Silas Whitmore’s voice came through the speaker, smooth as polished glass. “Hello, Mr. Davenport. Or should I say Mr. Hale, Mr. Pierce, Mr. Blackwood? You’ve been busy with the aliases. I counted seventeen in the past three years. Impressive.”

“What do you want?”

“The encryption key for the Davenport ledger. The one your father buried in the Cayman holding before he died. You have forty-eight hours to deliver it, or I release everything. The financial data, the shell corporations, the political bribes—and the photo of your son with a timestamp showing he’s very much alive and very much connected to you.”

Sebastian’s grip on the phone tightened until the casing creaked. “Touch him, and I will destroy everything your family has built. I will salt the earth where the Whitmore name once stood.”

“Bold words. But you’re in a motel room with a broken air conditioner and a dead bolt that a child could kick open. I’m in a high-rise with a view of the skyline and a direct line to every traffic camera in the city.” Silas’s voice lowered. “Forty-eight hours, Davenport. Tick-tock.”

The call ended.

Sebastian stared at the screen. The photo was still there—Toby’s face, frozen in time, innocent and unaware that his image was now a weapon aimed at his father’s heart.

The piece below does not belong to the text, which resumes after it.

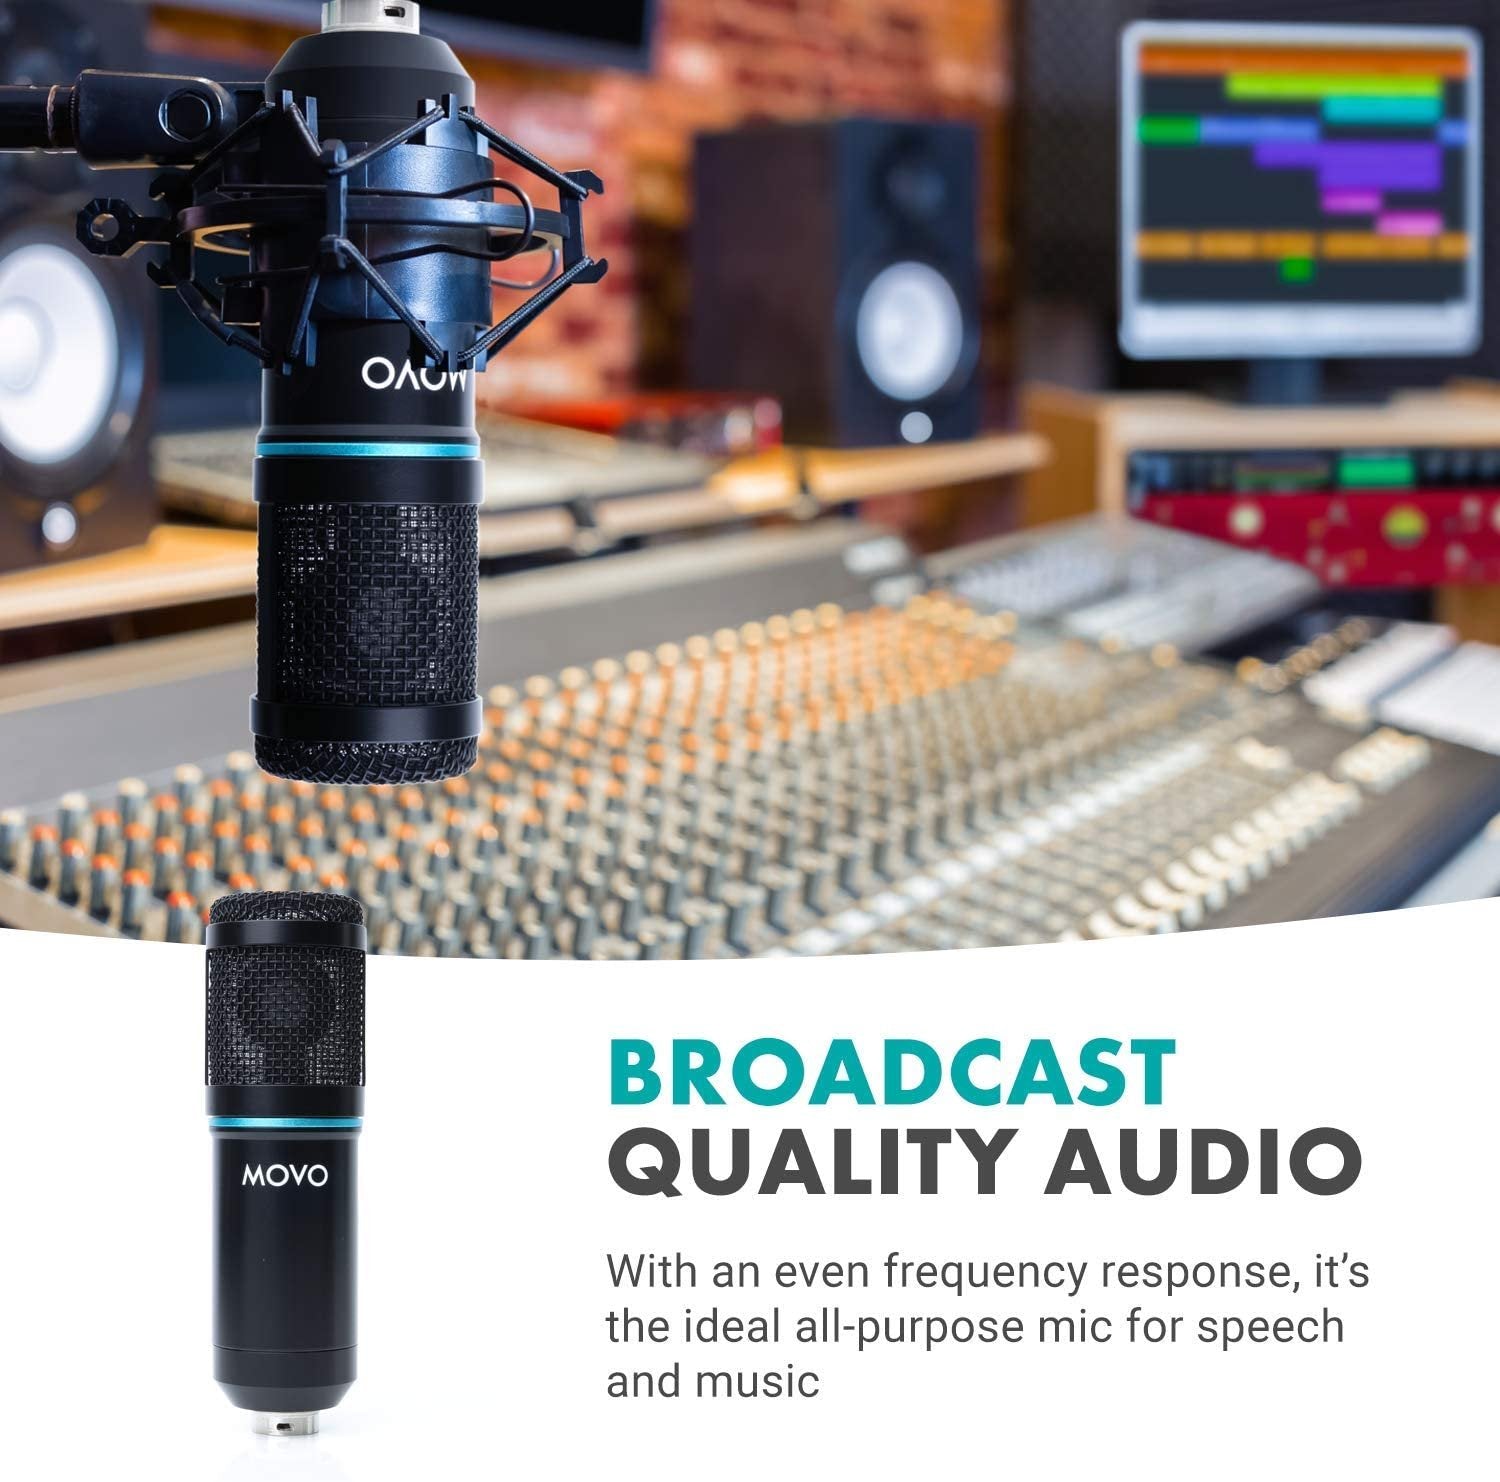 Movo 2-Pack Universal XLR Condenser Microphone Podcasting Equipment Bundle for 2 - Includes 2 Cardioid Mics, Desktop Stands, Shock Mounts, Pop Filters and Cables - Podcast, Zoom, and Youtuber Kit
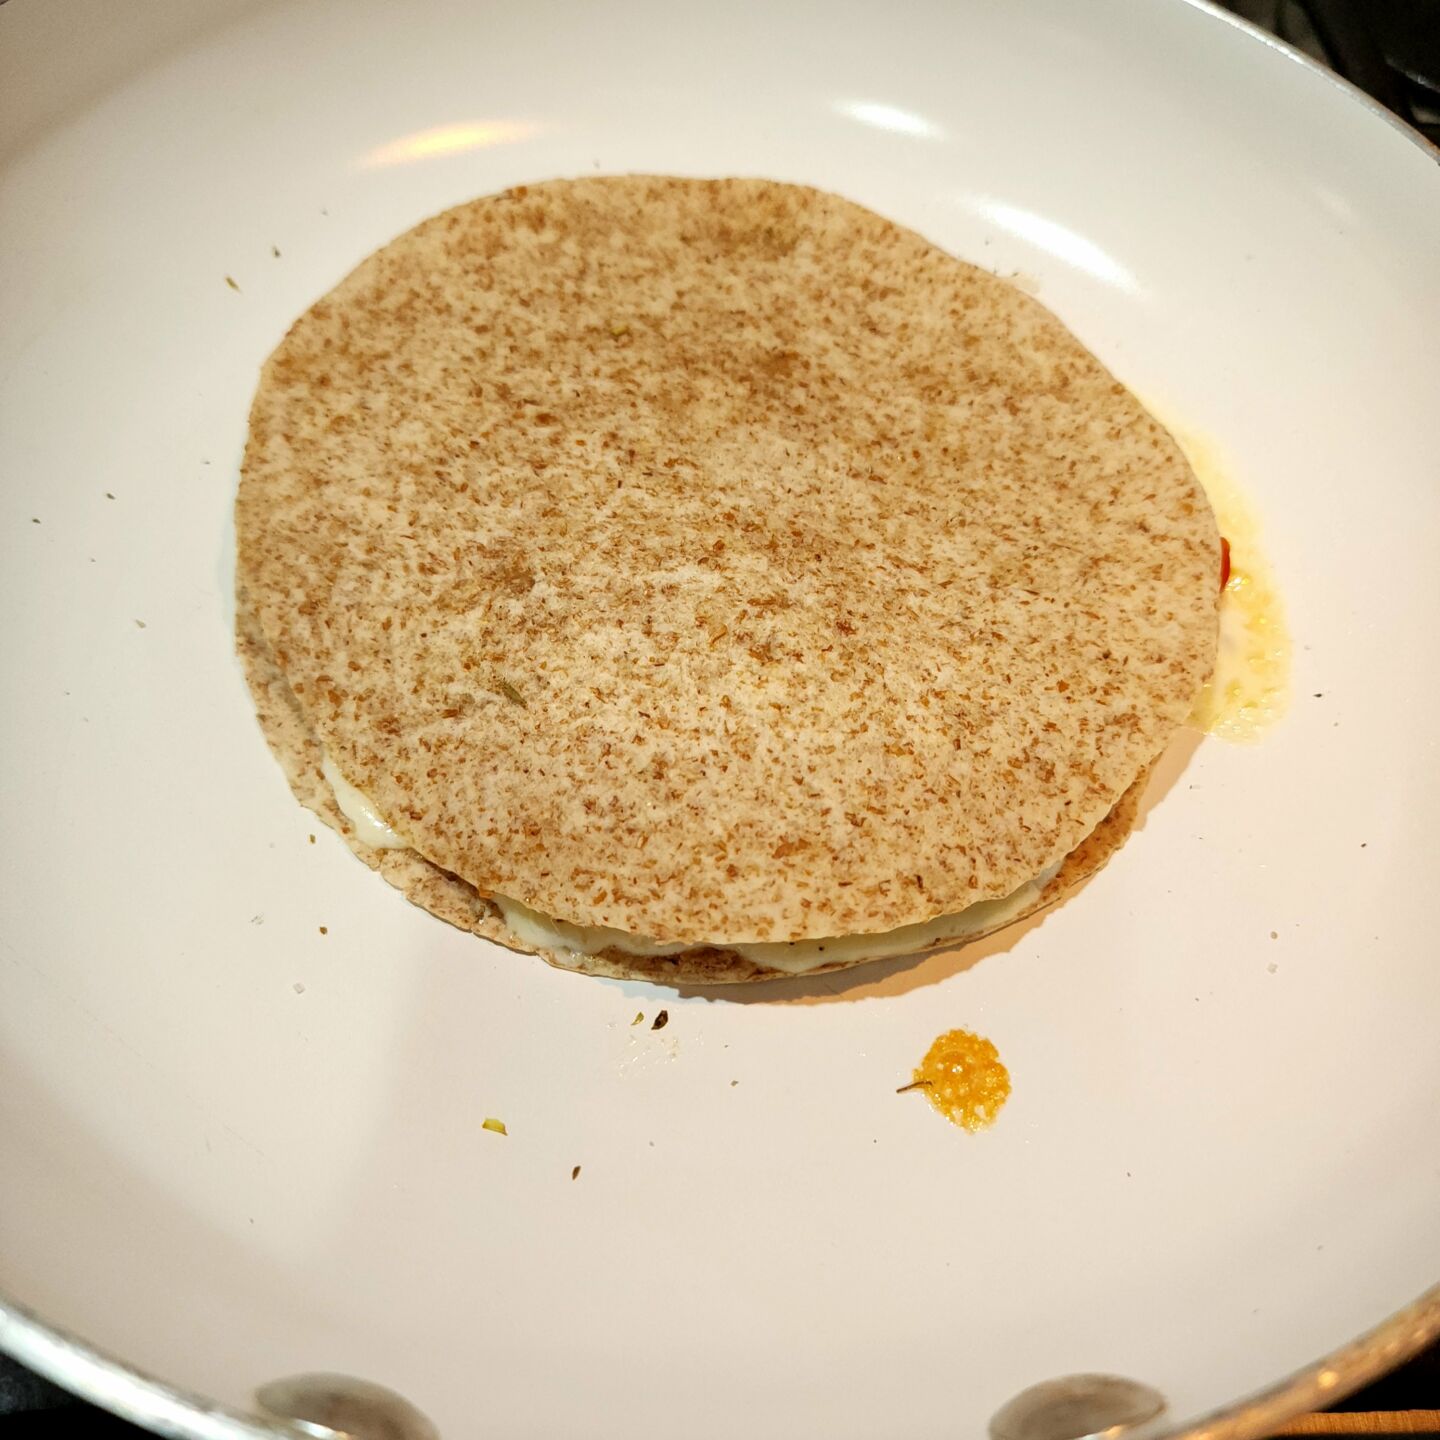 Place another tortilla on top and cook for 2 to 3 minutes before flipping

Iris had gone pale. “That photo. That photo is in a locket. In my dresser drawer. At home.”Visit Loerva.

“He could have hacked your phone, your cloud storage—”

“I don’t use cloud storage. I don’t have it on my phone. I never sent it to anyone.” Her voice was rising, the edges fraying. “Sebastian, that photo has never been digitized. It was printed at a kiosk in a drugstore in a town I’ve never told you about. I paid cash. There’s no digital trail.”

The room felt smaller. The walls pressed in.

Sebastian’s mind was already running the probabilities, building the threat model. If Silas had the photo, he had either broken into Iris’s home—or he had someone on the inside. Someone close enough to reach into her private space, open a locked locket, and photograph the contents without leaving a trace.

He looked at the door Miriam and Toby had walked through fourteen minutes ago.

“We need to move. Now.”

But Iris wasn’t listening. She was staring at the screen, her hand pressed to her mouth, her breath coming in shallow bursts. When she spoke, her voice was barely audible.

“That photo was in a locked locket, Sebastian,” Iris whispered, her hand shaking as she pointed at the screen. “He didn’t hack an algorithm. He got someone inside my home. Maybe inside this room right now.”